Upon leaving Woodburn to pursue modeling, Nauta quickly landed in the pages of such iconic magazines as Italian Vogue and worked with leading brands like Versace, L’Oréal, and DKNY. Moving to New York City at age 18, she then balanced her modeling work with her first serious foray into music, joining a local band as well as writing her own songs and recording covers—including a rendition of Roberta Flack’s “The First Time Ever I Saw Your Face” that caught the ear of the legendary Lenny Kravitz. “All of a sudden I’m in a studio with Lenny, sitting next to him at a piano and working on a song together,” she remembers. “He was my first-ever fan.”

Not long after that meeting, Kravitz and Nauta started working on an album together, meeting up to write and record whenever their hectic schedules allowed. Despite her dedication to the project, Nauta’s entire trajectory soon shifted when acclaimed filmmaker Luc Besson cast her in Transporter 2—a 2005 release in which she starred alongside Jason Statham and contributed two songs to the soundtrack. As her acting career took off, Nauta continued working with Kravitz but never quite managed to finish up their album. “We just never really seemed to wrap it up,” she notes. “I used to get very discouraged because my heart was always in music more than anything, and I just kept wondering, ‘Is this every really going to happen?’” 

Determined to move forward with her music, Nauta connected with Kelly Winrich in 2017 and began recording some of the songs she’d gathered over the years. That determination intensified as her brother grew more ill, reaching its peak during her final FaceTime conversation with Josh in the brief spell of sobriety just before he died. “Right when I saw him I knew something was different,” Nauta says. “His eyes were brighter, he was so full of joy and life—it was like my brother was back.” Returning to Oregon to be with Josh for the last three days of his life, Nauta reconnected with Winrich several months later, and soon set to work on her debut album.
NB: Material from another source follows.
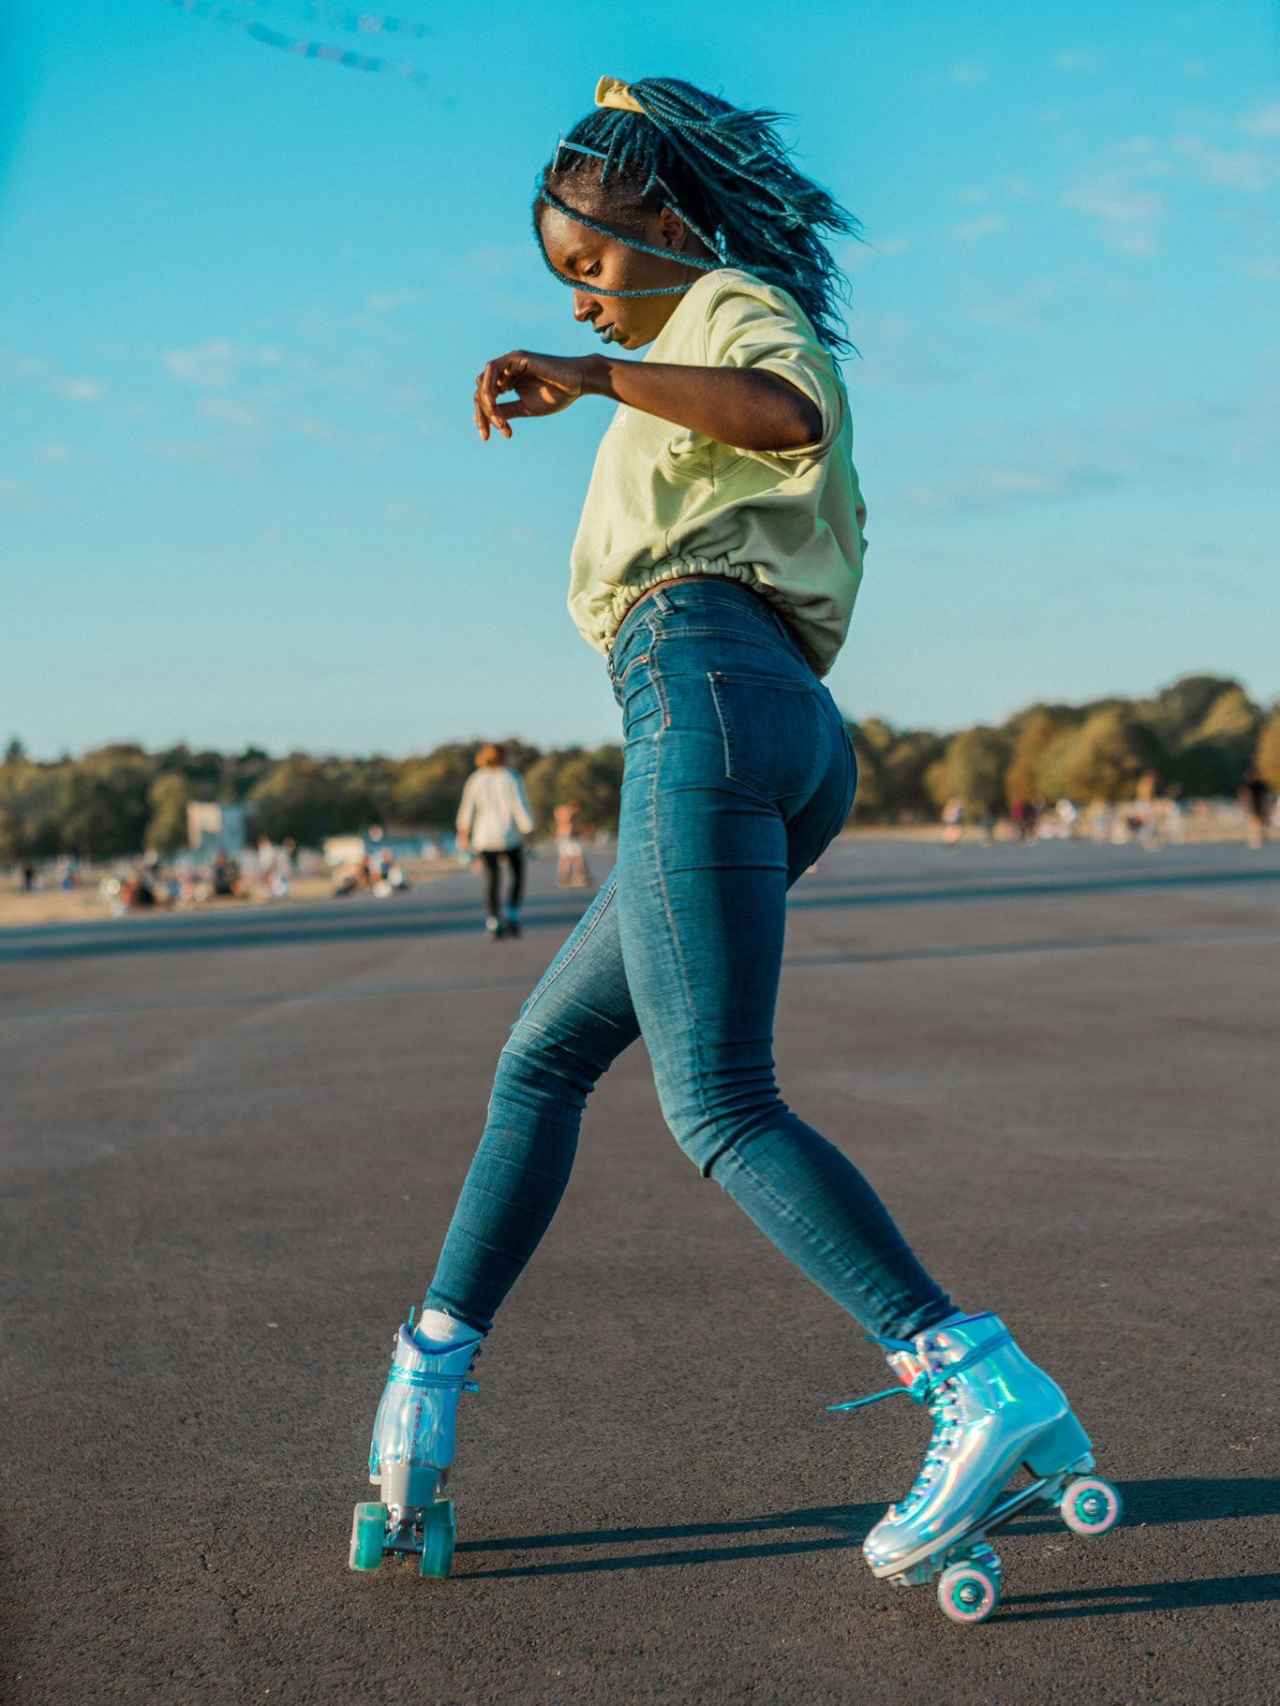 WhatsApp La berlinesa Oumi Janta, la reina del roller skate.
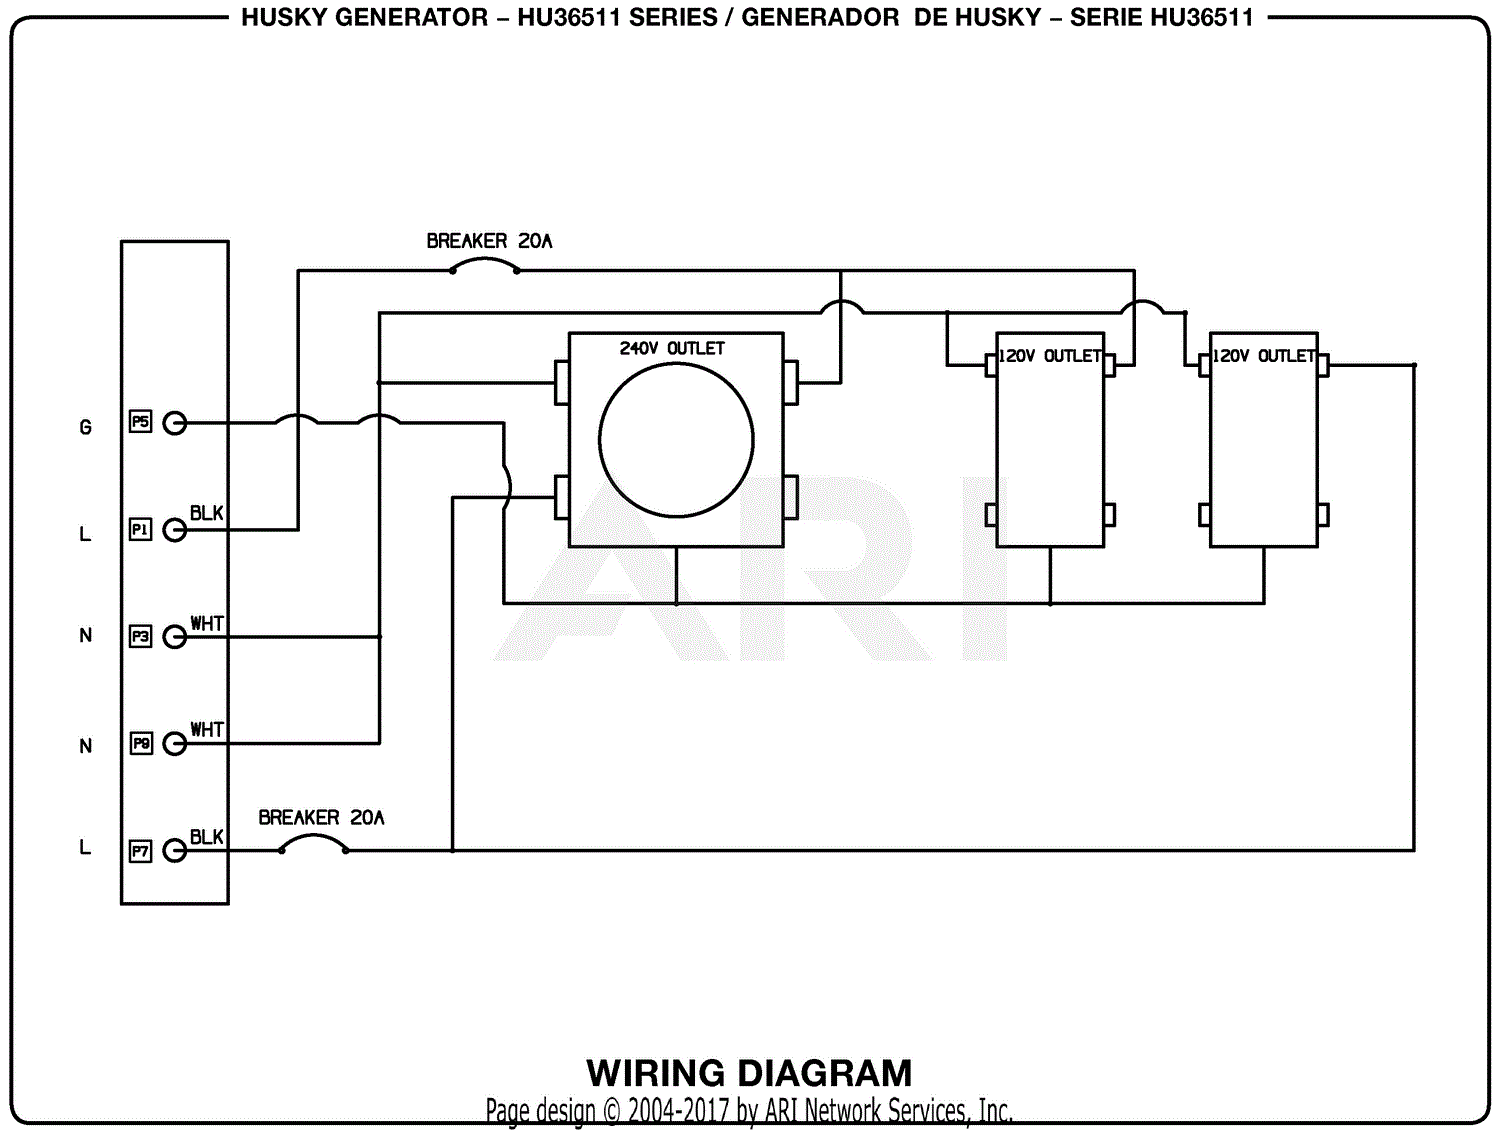 nema 14-30 wiring diagram

As she completed the batch of songs that would eventually comprise Love, Loss + Recovery, Nauta immersed herself in the same emotional outpouring she first experienced underneath that cherry tree back in Woodburn. “If I’m going through something hard or heavy, one of the best ways for me to process everything is to sit down at the piano,” says Nauta. “Most of these stories come from working through those feelings—just letting them all out into the song.” 

Revealing Nauta’s extraordinary grace as a songwriter, Love, Loss + Recovery ultimately turns her personal pain into music with a universal resonance. “One of the most amazing things is when people come up to me after a show and tell me they feel like I was singing directly to them,” says Nauta, who’s recently opened for such artists as Mavis Staples and Anderson .Paak. “And even though these are my stories I’m sharing on this album, I want everyone to feel like I’m telling their story too. I want my songs to speak to a part of their heart that feels untouched, and let them know they’re not alone in the world.”